- _DESCRIPTION OF THE TASK_:
Your copy should match the listing below word for word, with no images in it.

- _MATERIAL PROVIDED_:
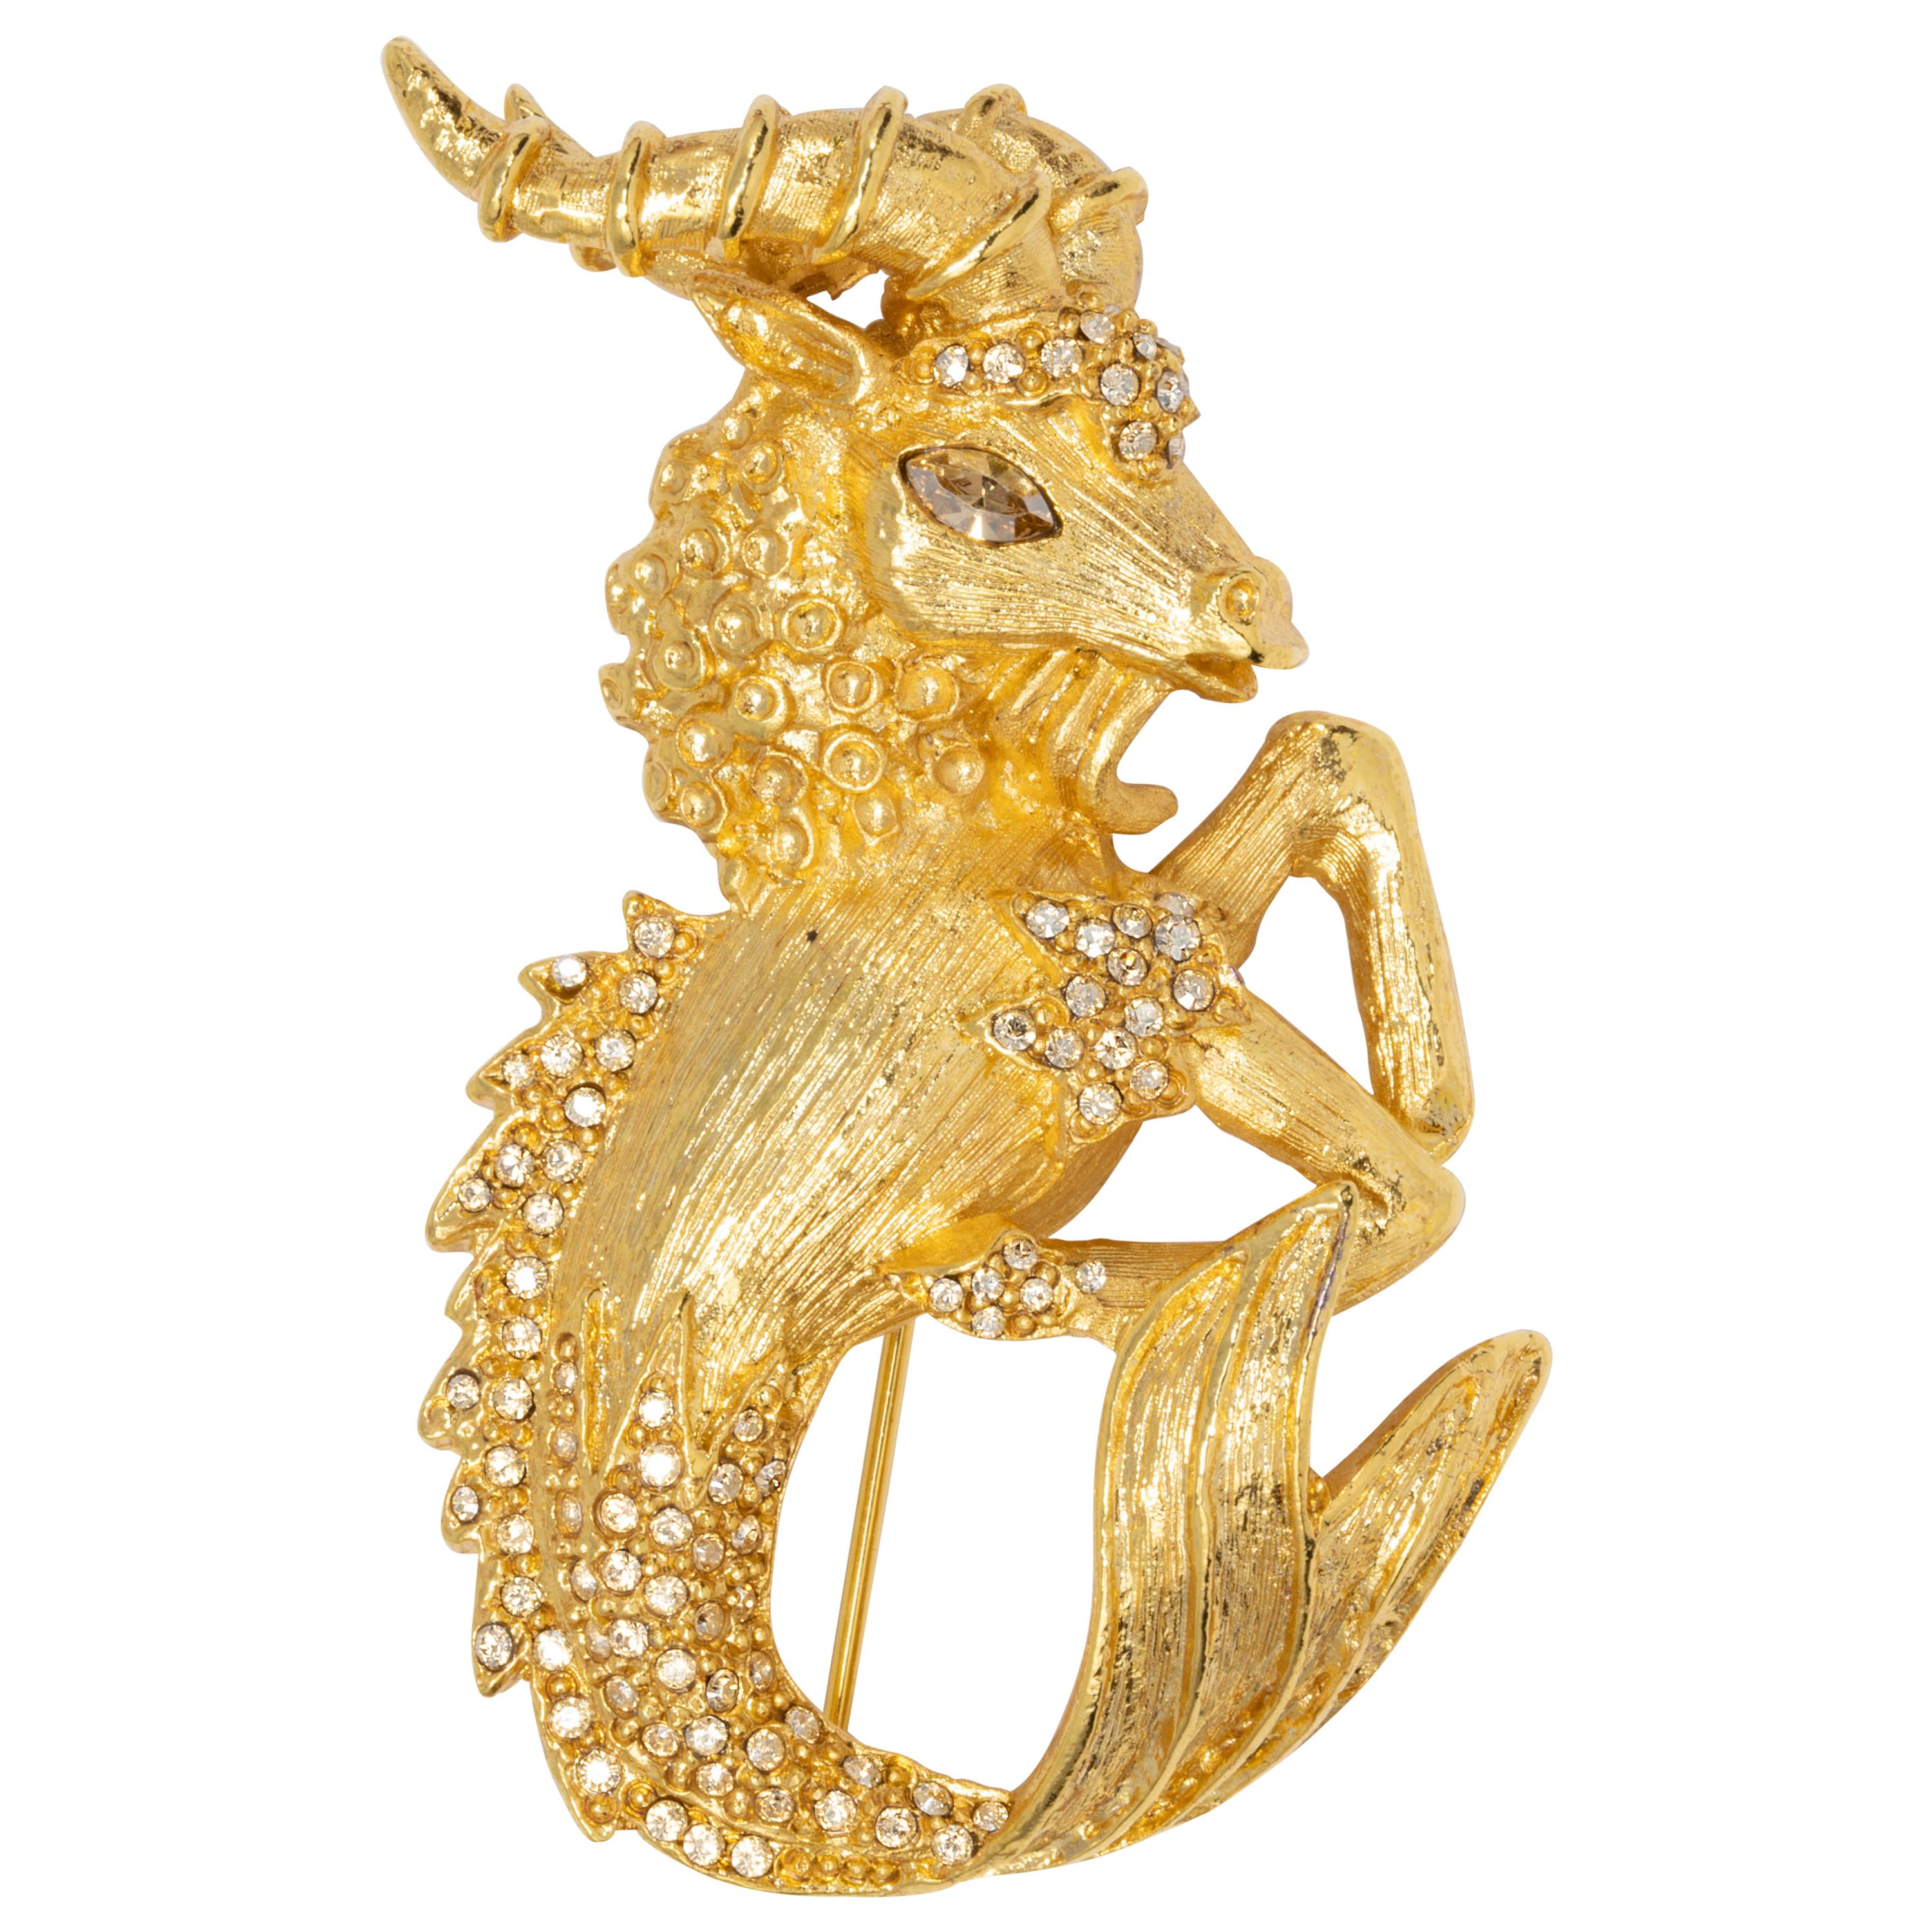 Oscar de la Renta Gold Ram Pin Brooch, with Gold Shadow Swarovski Crystals
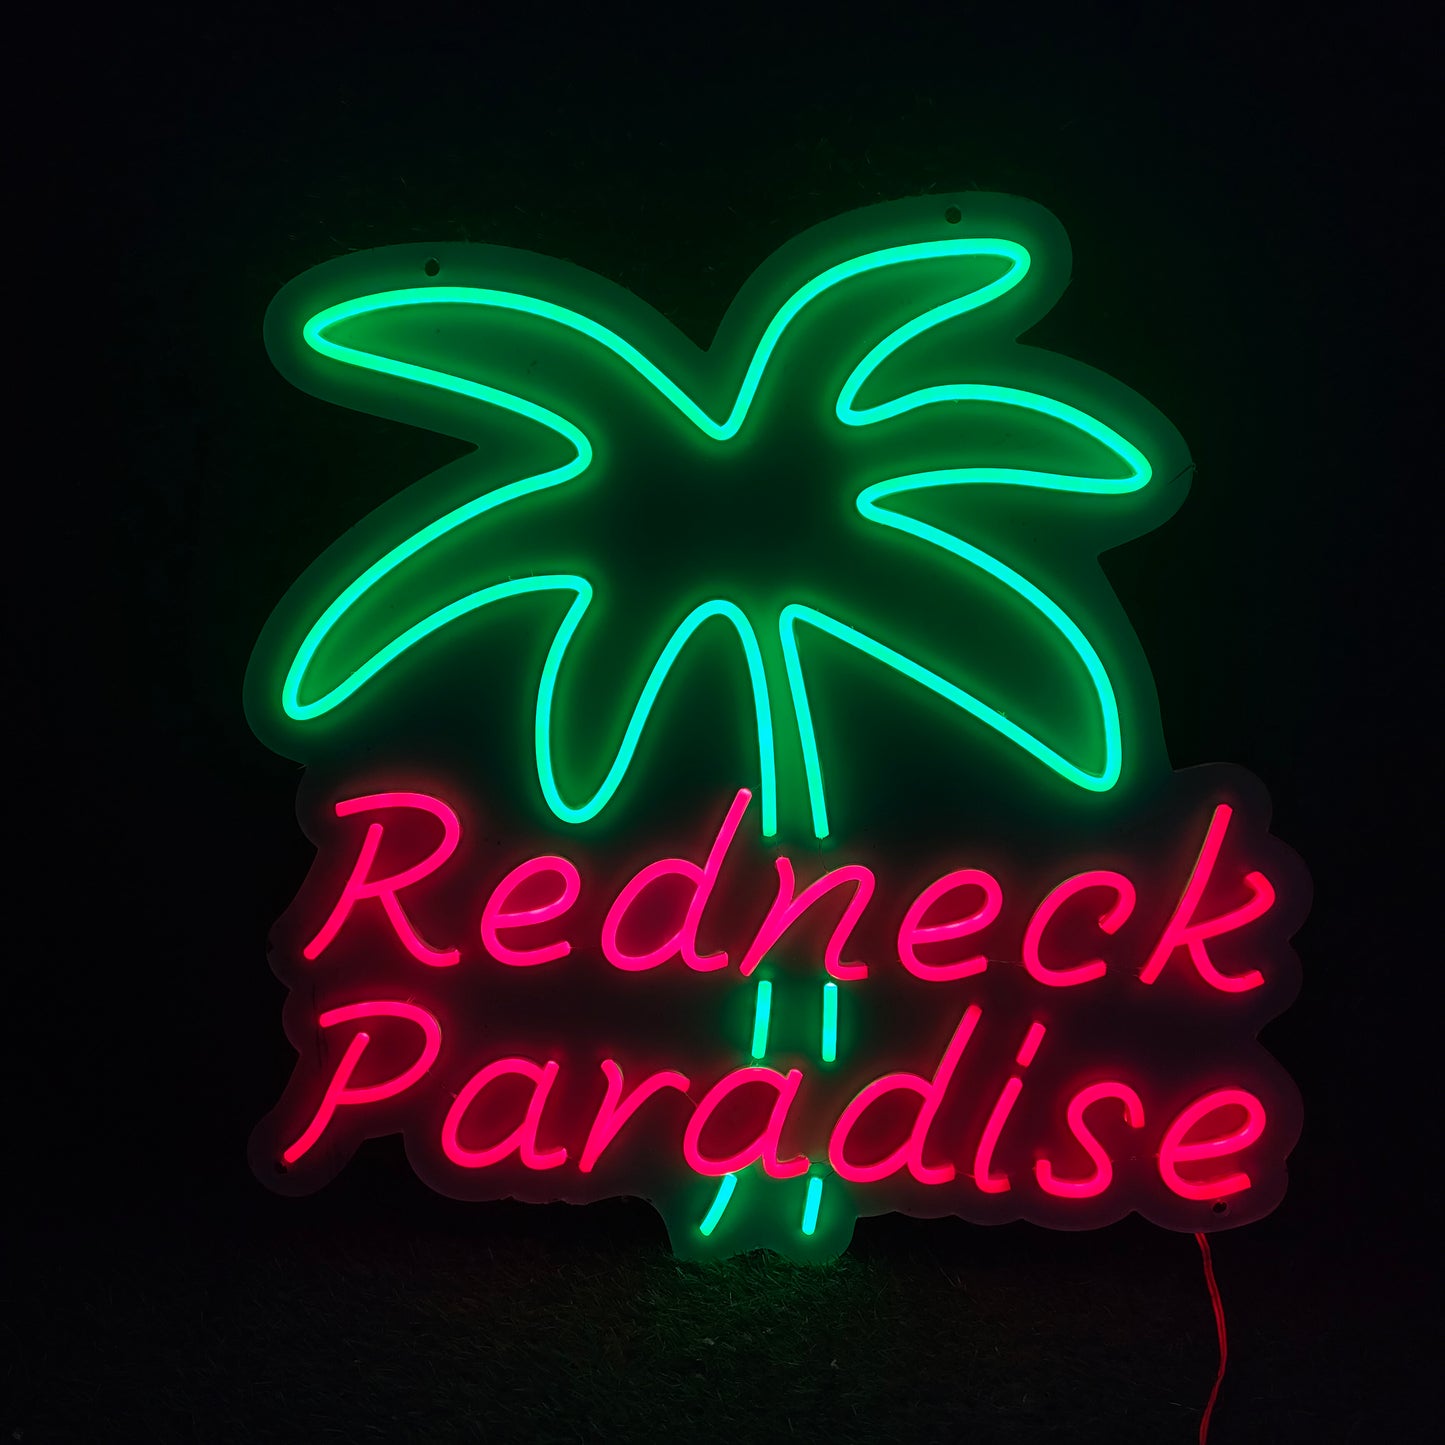 redneck paradise neon sign
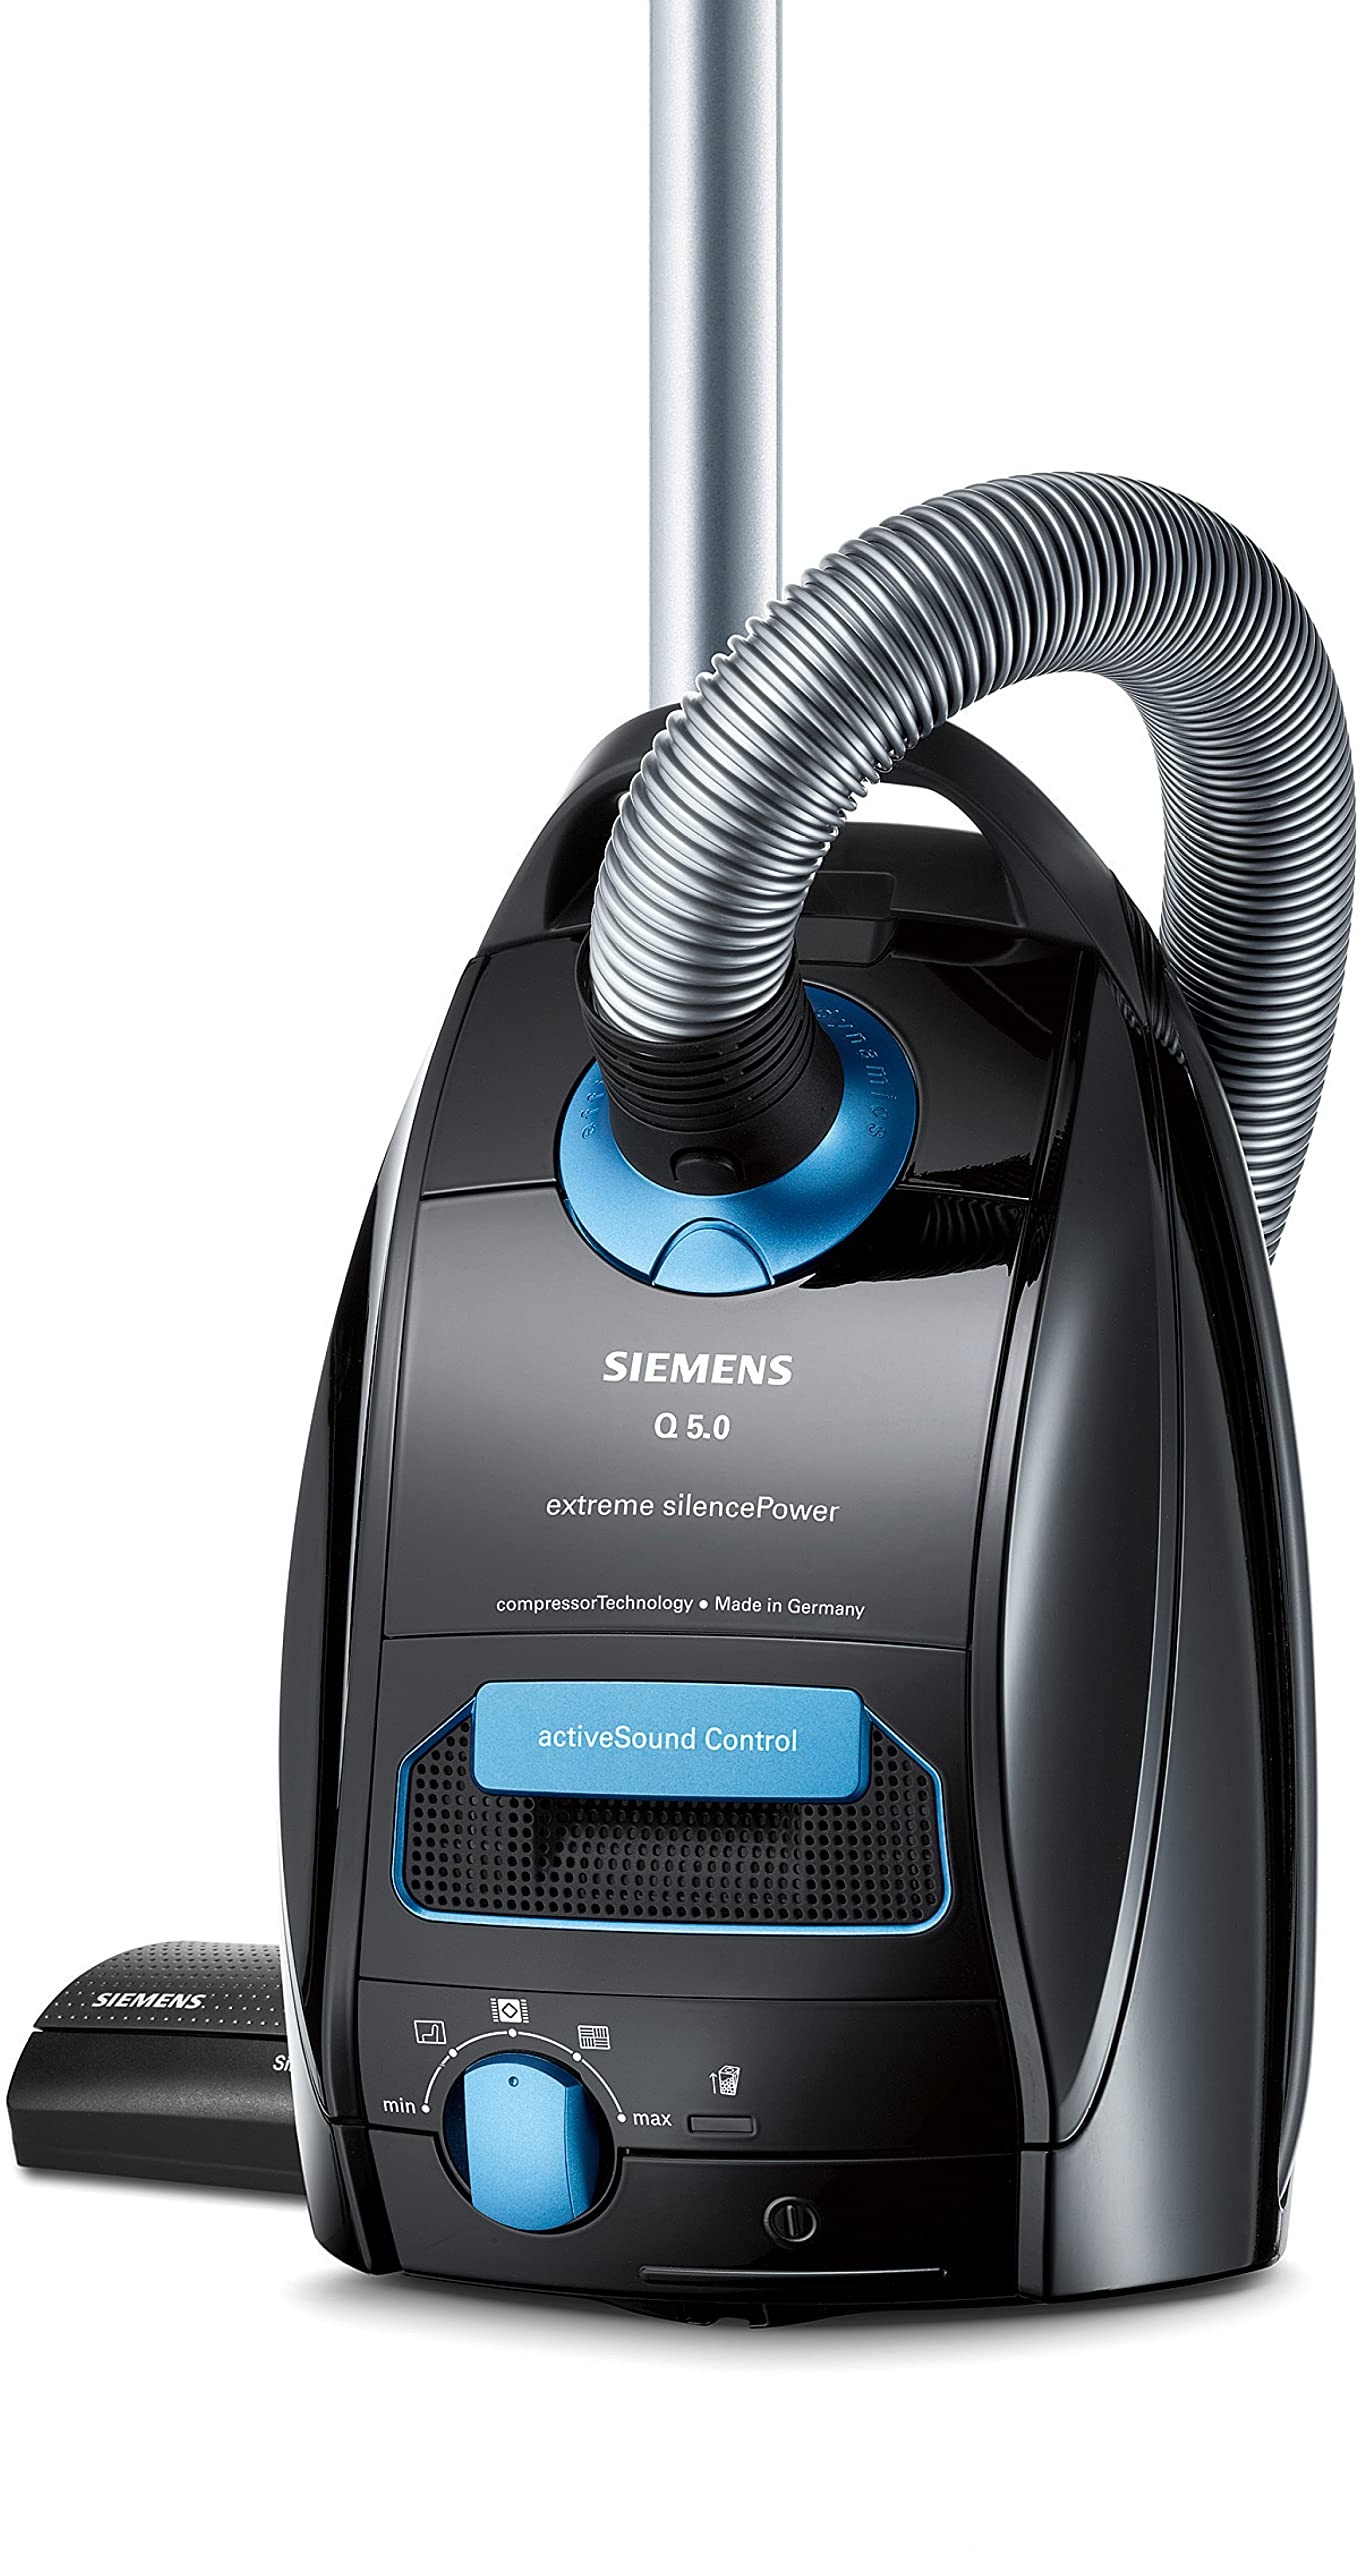 Siemens Staubsauger mit Beutel Q5.0 extreme silencePower VSQ5X1230, ideal für Allergiker, Hygiene-Filter, starke Saugleistung, Bodendüse für Parkett, Teppich, Fliesen, langes Kabel, 850 W, schwarz

- _OUTPUT BELOW_:
 Oscar de la Renta Gold Ram Pin Brooch, with Gold Shadow Swarovski Crystals
 redneck paradise neon sign
 Siemens Staubsauger mit Beutel Q5.0 extreme silencePower VSQ5X1230, ideal für Allergiker, Hygiene-Filter, starke Saugleistung, Bodendüse für Parkett, Teppich, Fliesen, langes Kabel, 850 W, schwarz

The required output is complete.